Users who [prove they are not a bot][bot] by logging in — even if only
as “anonymous” — get the “nobody” capability set plus
**[h](#h)[m](#m)[n](#n)[c](#c)**: see internal hyperlinks, append to
existing wiki articles, file new tickets, and comment on existing
tickets. We chose these additional capabilities as those we don’t want
bots to have, but which a typical small FOSS project would be happy to
give anonymous humans visiting the project site.

The “reader” user category is typically assigned to users who want to be
identified within the repository but who primarily have a passive role
in the project. The default capability set on a Fossil repo adds
**[k](#k)[p](#p)[t](#t)[w](#w)** caps to those granted by “nobody” and
“anonymous”. This category is not well-named, because the default caps
are all about modifying repository content: edit existing wiki pages,
change one’s own password, create new ticket report formats, and modify
existing tickets. This category would be better named “contributor,” or
“participant.”

Those in the “developer” category get all of the above plus the
**[d](#d)[e](#e)[i](#i)** caps: delete wiki articles and tickets, view
sensitive user material, and check in changes.

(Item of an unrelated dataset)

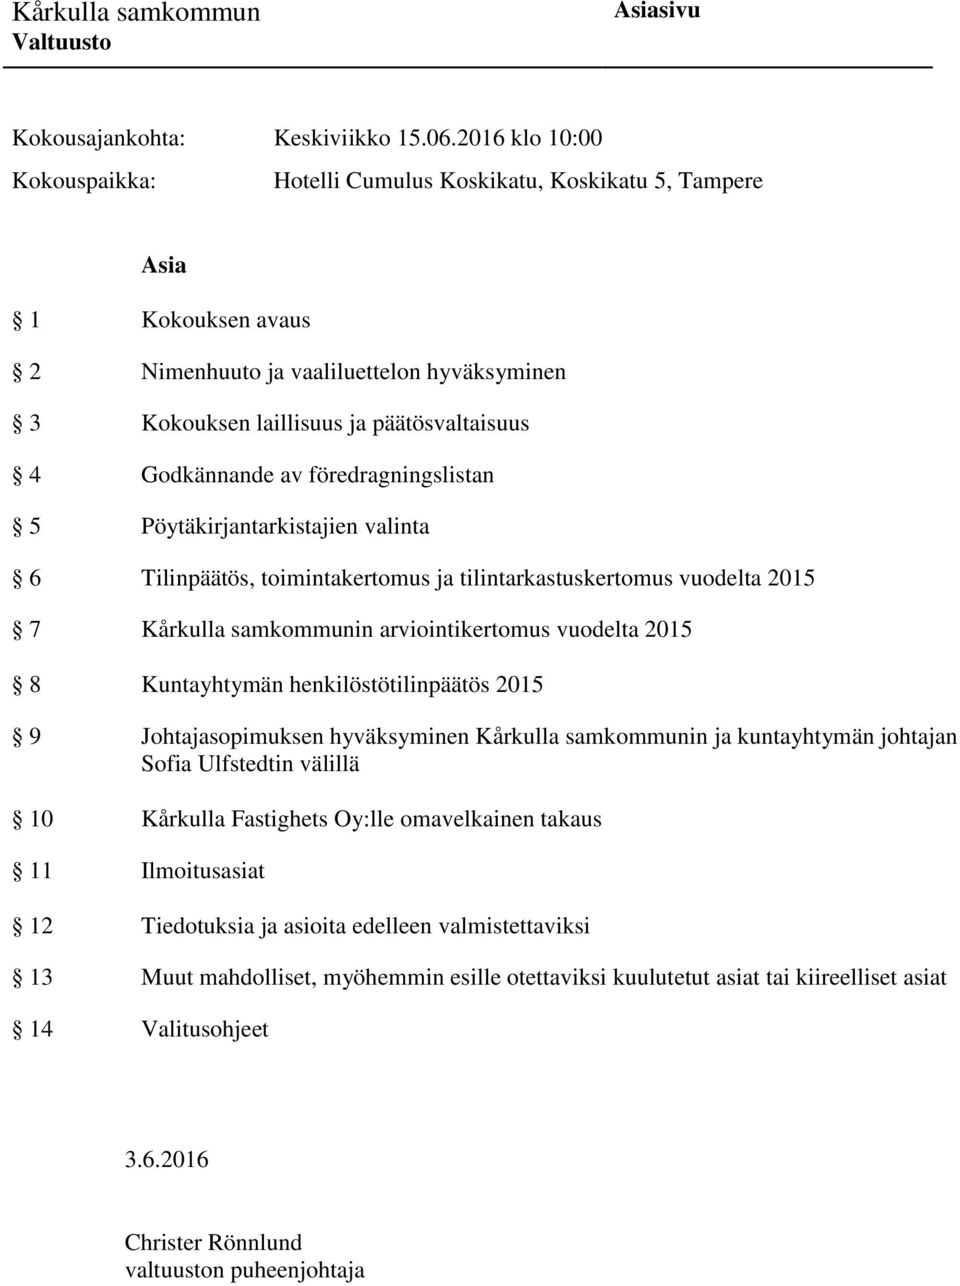 arviointikertomus vuodelta 2015 8 Kuntayhtymän henkilöstötilinpäätös 2015 9 Johtajasopimuksen hyväksyminen Kårkulla samkommunin ja kuntayhtymän johtajan Sofia Ulfstedtin välillä 10 Kårkulla
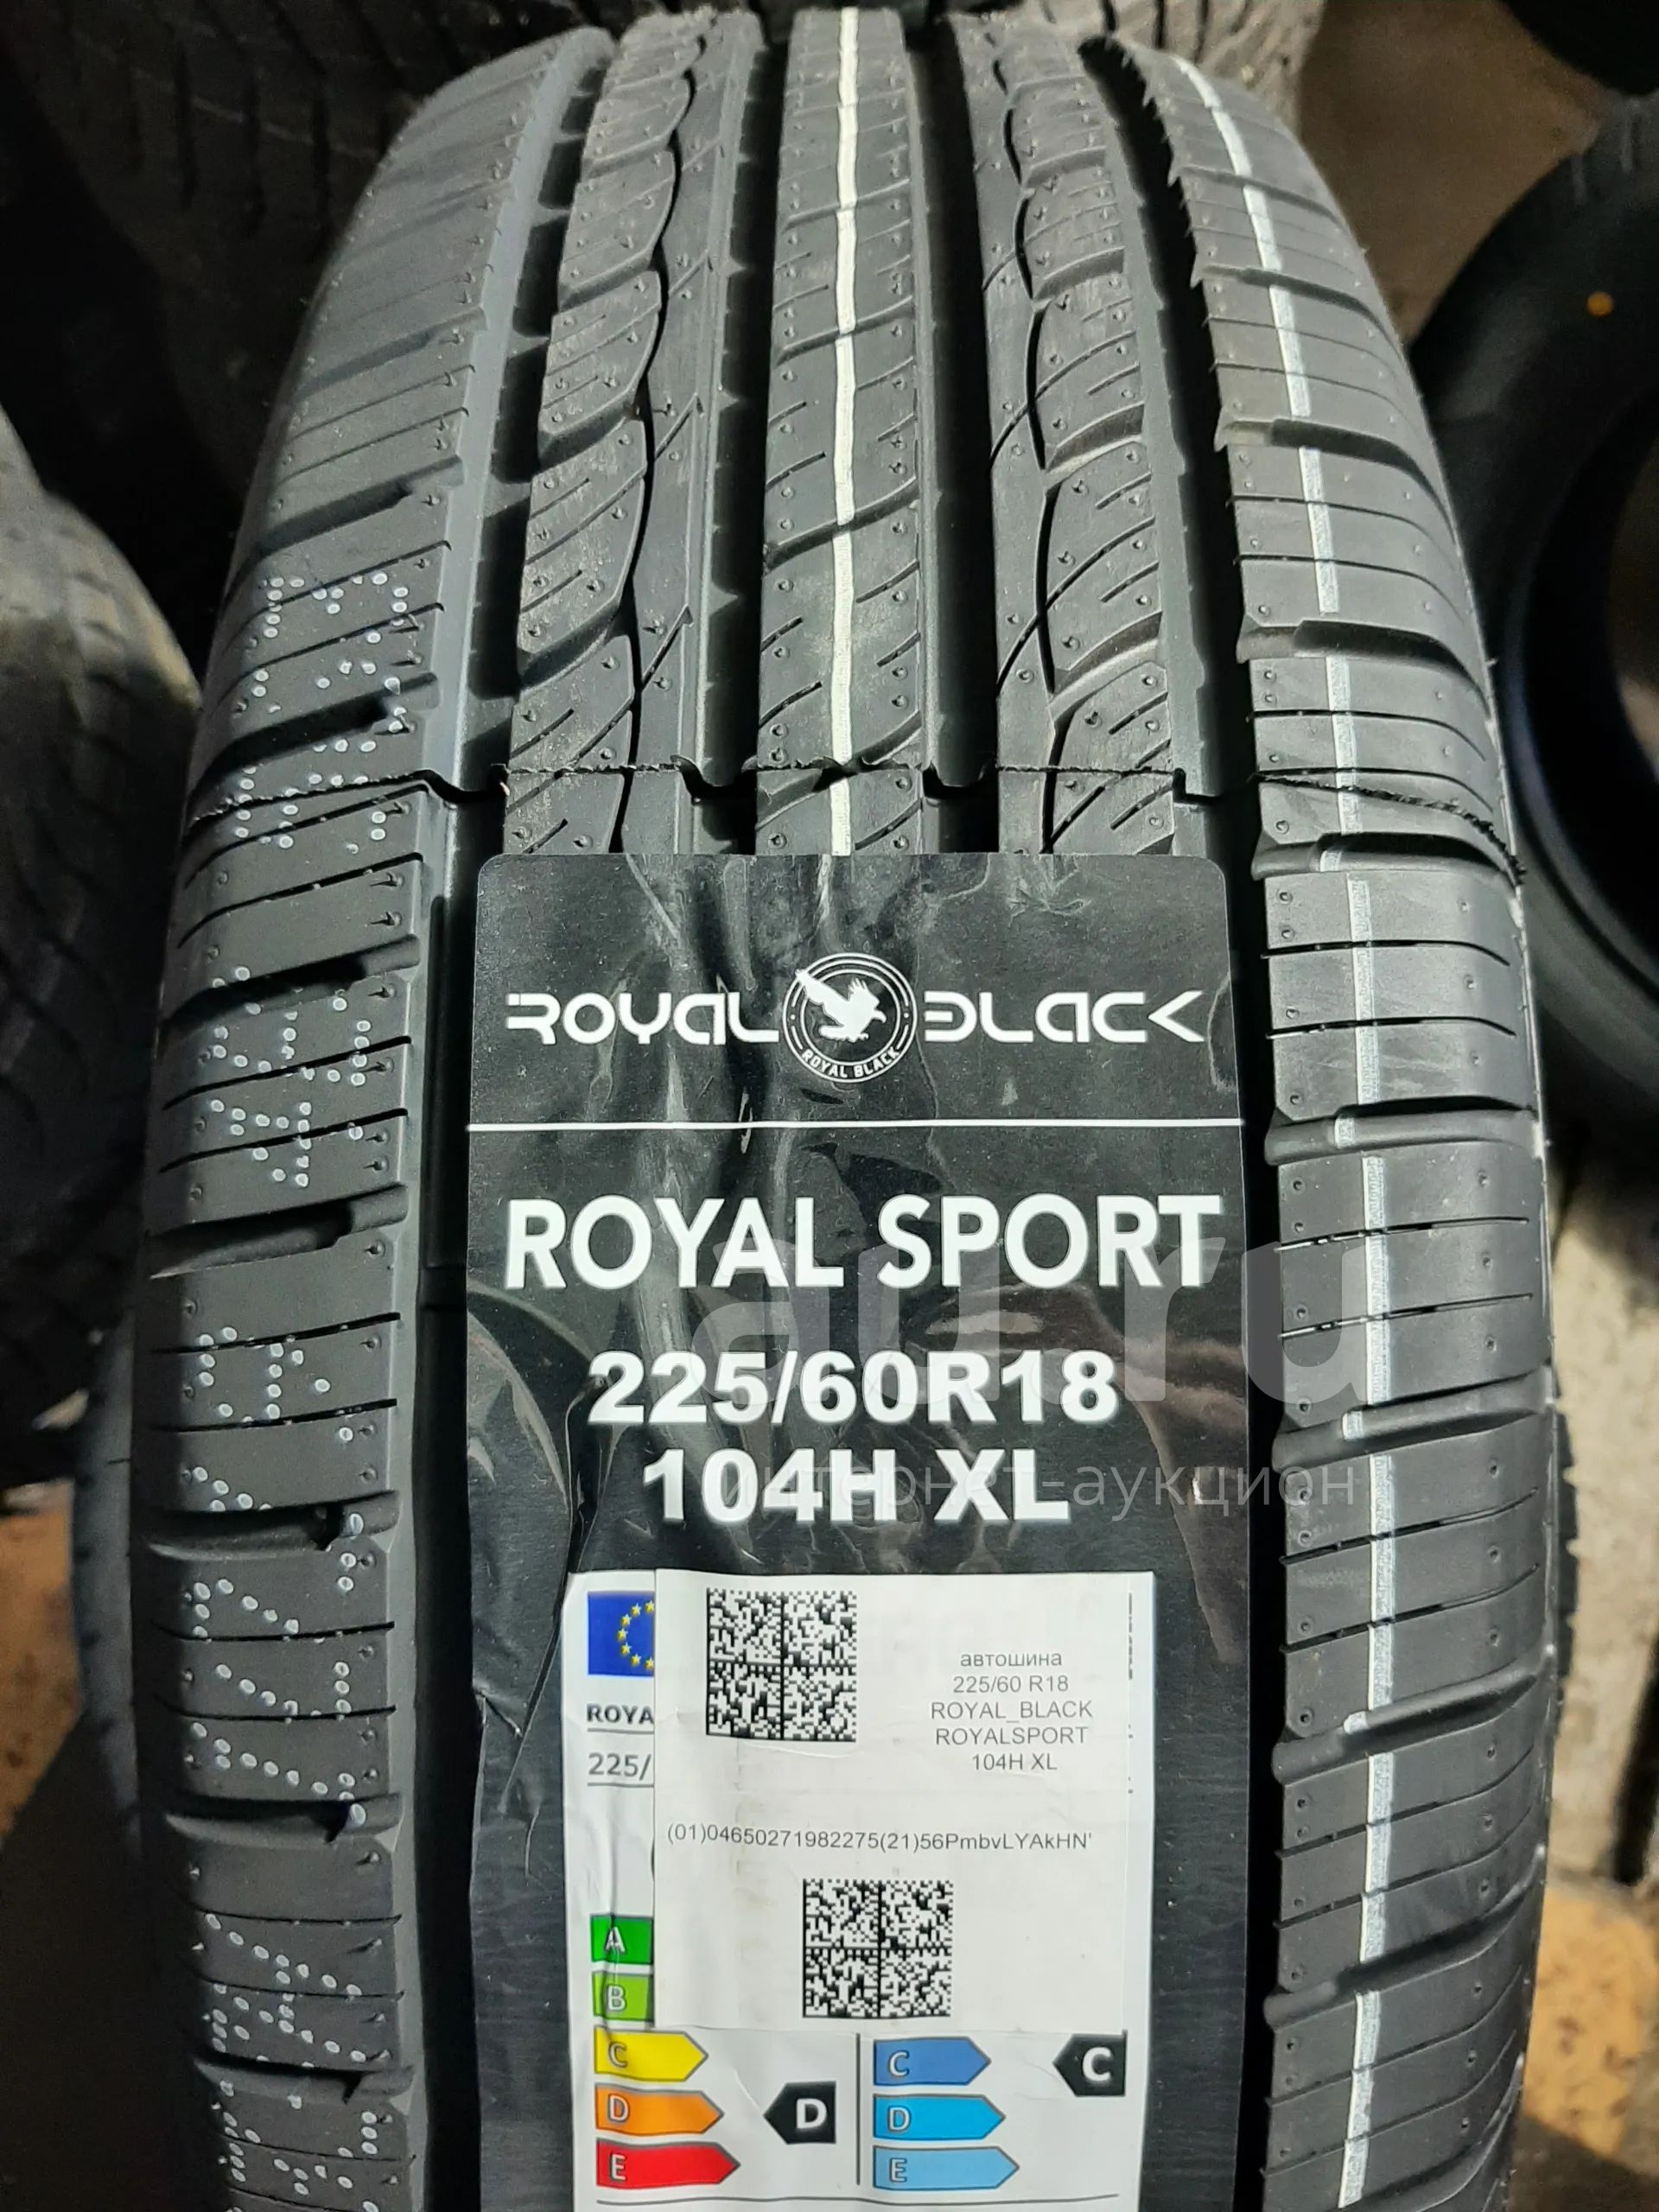 Шины Royal Black Royal Sport. Автошина Royal Black ROYALSPORT 225/60 r17 99h. Royal Black 225/55r18 Royal Sport 98h. Шины Роял Блэк летние маркировка. Шины royal sport

The default setup does not explicitly define anything between
“developer” and “setup,” but there is the intermediary [Admin
capability, **a**](#a).

[bot]: ./antibot.wiki


## <a name="pvt"></a>Consequences of Taking a Repository Private

When you click Admin → Security-Audit → “Take it private,” one of the
things it does is set the user capabilities for the “nobody” and
“anonymous” user categories to blank, so that users who haven’t logged
in can’t even see your project’s home page, and the option to log in as
“anonymous” isn’t even offered. Until you log in with a user name, all
you see is the repository’s skin and those few UI elements that work
without any user capability checks at all, such as the “Login” link.

Beware: Fossil does not reassign the capabilities these users had to
other users or to the “reader” or “developer” user category! All users
except those with Setup capability will lose all capabilities they
inherited from “nobody” and “anonymous” categories. Setup is the [lone
exception](#apsu).

If you will have non-Setup users in your private repo, you should parcel
out some subset of the capability set the “nobody” and “anonymous”
categories had to other categories or to individual users first.


## <a name="defuser"></a>Default User Name

By default, Fossil assumes your OS user account name is the same as the
one you use in any Fossil repository. It is the [default for a new
repository](#new), though you can override this with [the `--admin-user`
option][auo]. Fossil has other ways of overriding this in other contexts
such as the `name@` syntax in clone URLs.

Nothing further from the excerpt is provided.